Megan-Jane Johnstone






NURSING AND ETHICS


Nurses at all levels and in all areas of practice are confronted every day with having to make morally relevant choices and to take action on the basis of these choices during the course of their work. This ‘everyday’ occurrence should not be taken to mean, however, that deciding and acting morally in nursing care contexts is simply a matter of habit or ‘daily routine’, and therefore as something trivial requiring little knowledge, skill or attention. As can be readily demonstrated, dealing with everyday ethical problems requires of decision makers an exquisite moral sensibility, ‘moral knowing’, moral imagination, life experience, virtue (e.g. compassion, empathy, kindness, integrity, care, ‘decency’), general ‘informedness’ (e.g. about law, social and cultural processes, human psychology and behaviour, politics), and a deep personal commitment to ‘doing what is right’. In some instances ‘being moral’ also requires political savvy and an ability (personal and professional) to overcome the many obstacles that may obstruct or prevent morally just outcomes from being achieved.
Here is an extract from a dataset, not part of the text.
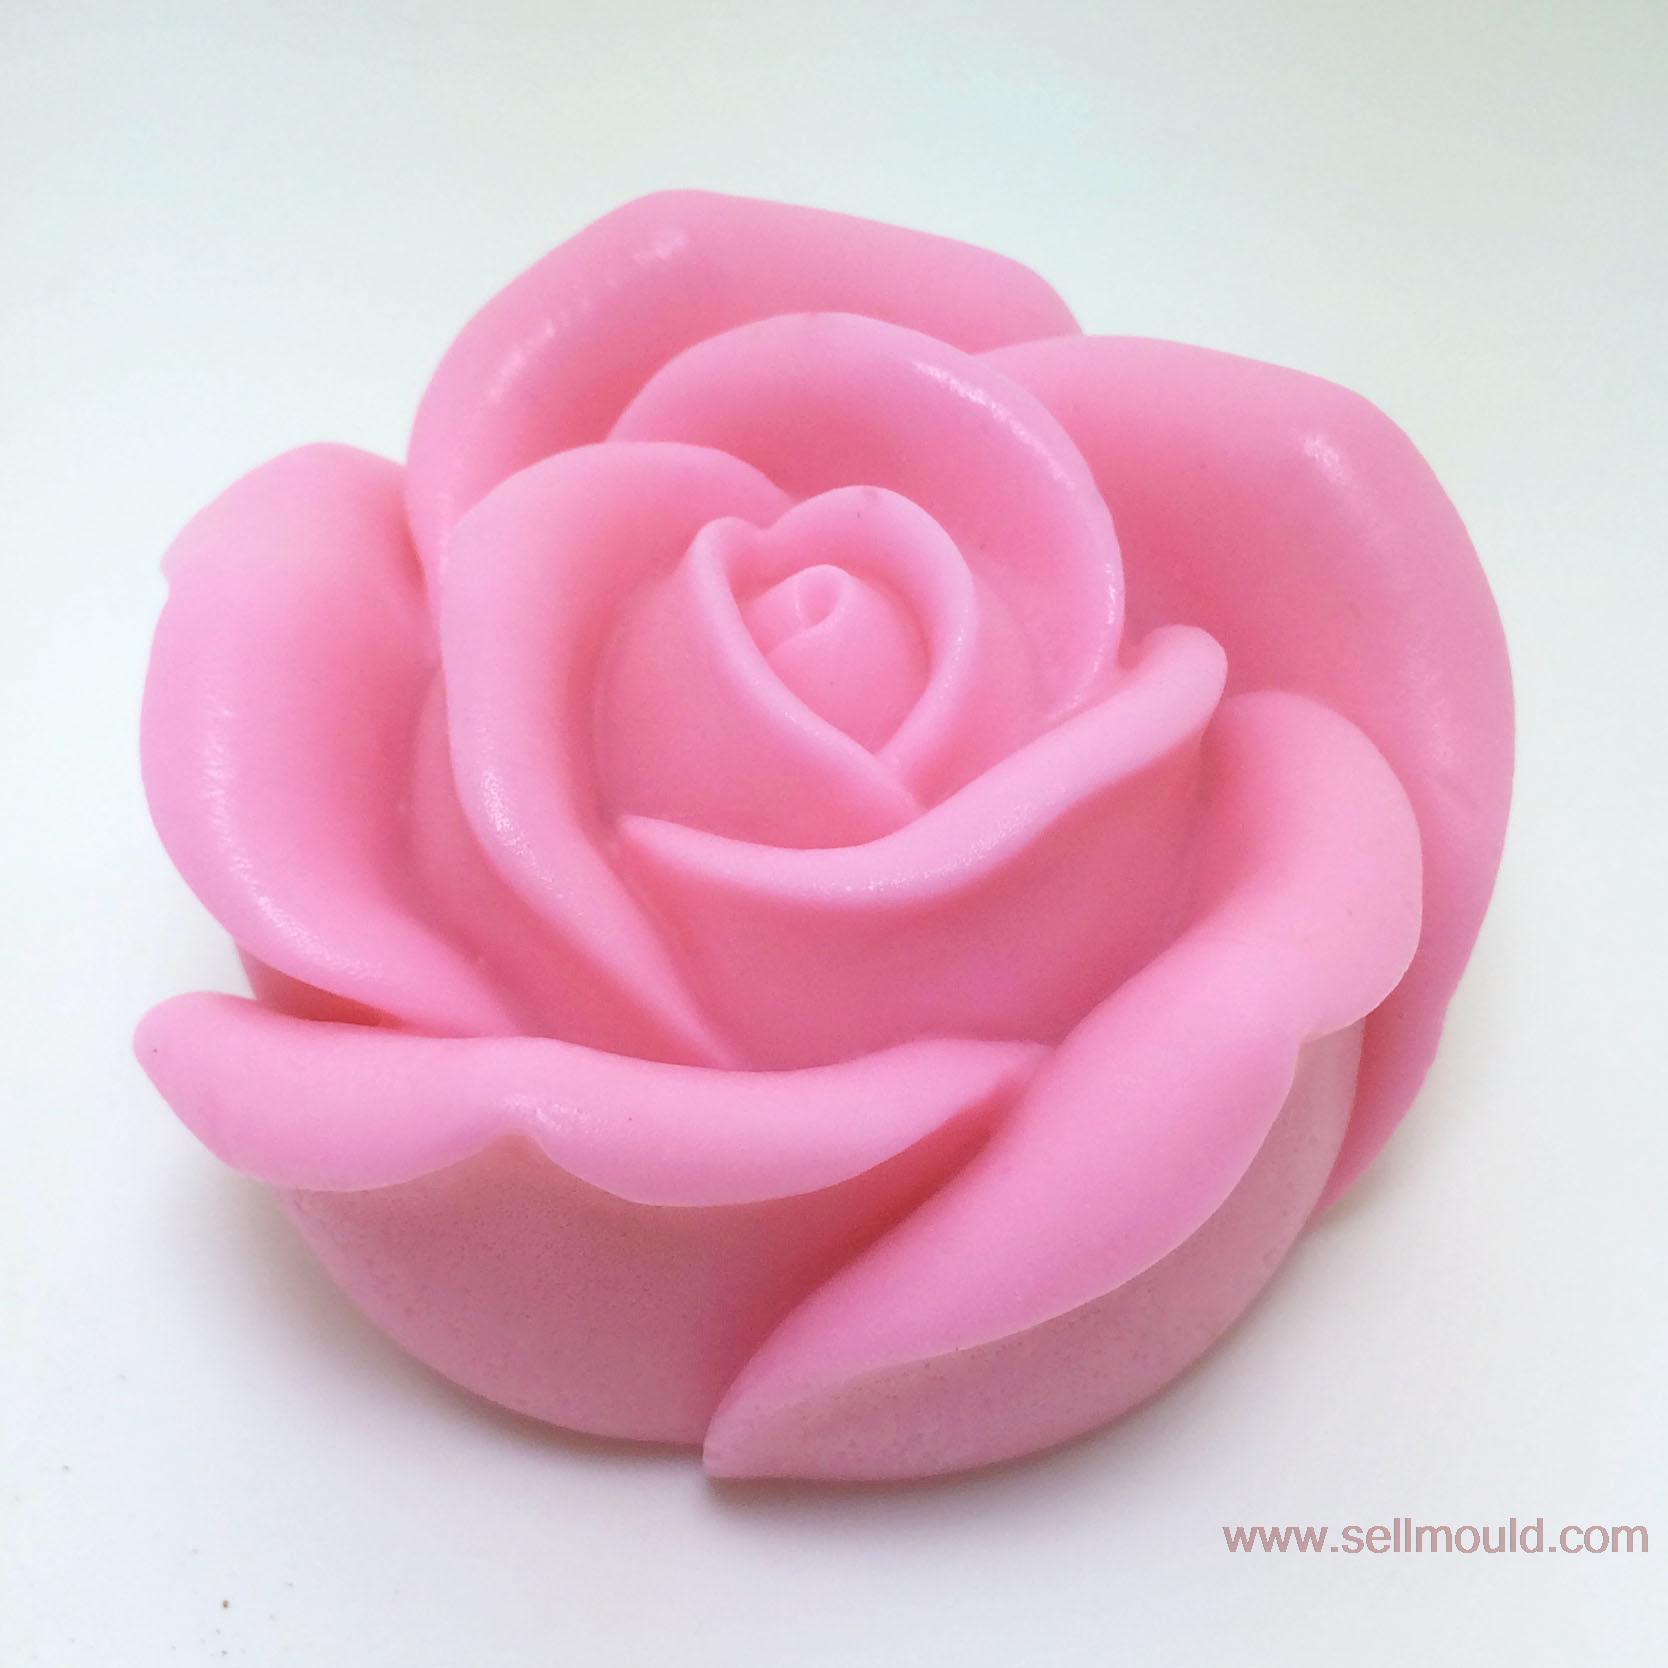 d rose molde de silicona jabn molde de gel de slice molde decoracin moldes para velas

All aspects of nursing (e.g. education, practice, management, leadership and research) have a profound ethical dimension. The ethical dimension of nursing (to be distinguished from the legal and clinical dimensions of nursing) has as its focus the inherent moral demands to:




• promote human wellbeing and welfare


• balance the needs and significant moral interests of different people


• make reliable judgments on what constitutes morally ‘right’ and ‘wrong’conduct, and


• provide sound justifications for the decisions and actions taken on the basis of these judgments.

Members of the nursing profession cannot escape these demands or the stringent responsibilities they impose. One reason for this is that no nursing decision or action (however small or trivial) occurs in a moral vacuum, or is free of moral risk or consequence—even the most ‘ordinary’ of nursing actions can affect significantly the wellbeing, welfare and moral interests of others. This is so whether in a nursing education, practice, management, leadership or research setting.

Nursing codes of ethics around the world make clear that nurses have a stringent moral responsibility to promote and safeguard the wellbeing, welfare and moral interests of people needing and/or receiving nursing care (Fry & Johnstone 2008). These codes also variously recognise the responsibility of nurses to balance equally the needs and interests of different people in healthcare contexts. What is often not stated, however, is how nurses ought to fulfil their moral responsibilities to deal effectively with the many ethical issues they encounter on a day-to-day basis. ‘Dealing effectively’ with ethical issues in this instance includes being able to:


Dealing effectively with ethical issues in nursing also requires at least a rudimentary understanding of what nursing ethics is and its relationship to the broader field of Western-based bioethics.


WHAT IS NURSING ETHICS?


In advancing this discussion, it is important to first provide a brief definition of the notion of ‘nursing ethics’. Nursing ethics can be defined broadly as ‘the examination of all kinds of ethical and bioethical issues from the perspective of nursing theory and practice’ (Johnstone 2009:16). In turn, these issues rest on the agreed core concepts of nursing: person, culture, care, health, healing, environment, and nursing itself (i.e. what is it and what is its end or telos). In this regard then, nursing ethics is ‘not synonymous with (and indeed is much greater than) an ethic of care, although an ethic of care has an important place in the overall moral scheme of nursing and nursing ethics’ (Johnstone 2009:16).

Unlike other approaches to ethics, nursing ethics recognises the ‘distinctive voices’ that are nurses’, and emphasises the importance of collecting and recording nursing narratives and ‘stories from the field’ (Benner, 1991, Benner, 1994, Bishop and Scudder, 1990 and Parker, 1990). Collecting and collating stories from the field are regarded as important, since issues invariably emerge from these stories that extend far beyond the ‘paramount’ issues otherwise espoused by mainstream bioethics (to be identified shortly). Analyses of these stories tend to reveal not only a range of issues that are nurses’ ‘own’, but also a whole different configuration of language, concepts and metaphors for expressing them. As well, these stories often reveal issues that may have been overlooked or marginalised by broader bioethics discourse.

Given this, nursing ethics can also be described as ‘methodologically and substantively, inquiry from the point of view of nurses’ experiences’, with nurses’ experiences being taken as a more reliable starting point than other bioethics discourses (texts, practices and processes) from which to advance meaningful discussions on nursing ethics and the development of helpful processes for addressing ethical issues in nursing and related healthcare contexts (Johnstone 2009).


NURSING ETHICS AND ITS RELATIONSHIP WITH BIOETHICS


Contemporary nursing ethics has been profoundly influenced by the Western-based bioethics movement. Whether this influence has been advantageous to the development of nursing ethics, however, remains open to question.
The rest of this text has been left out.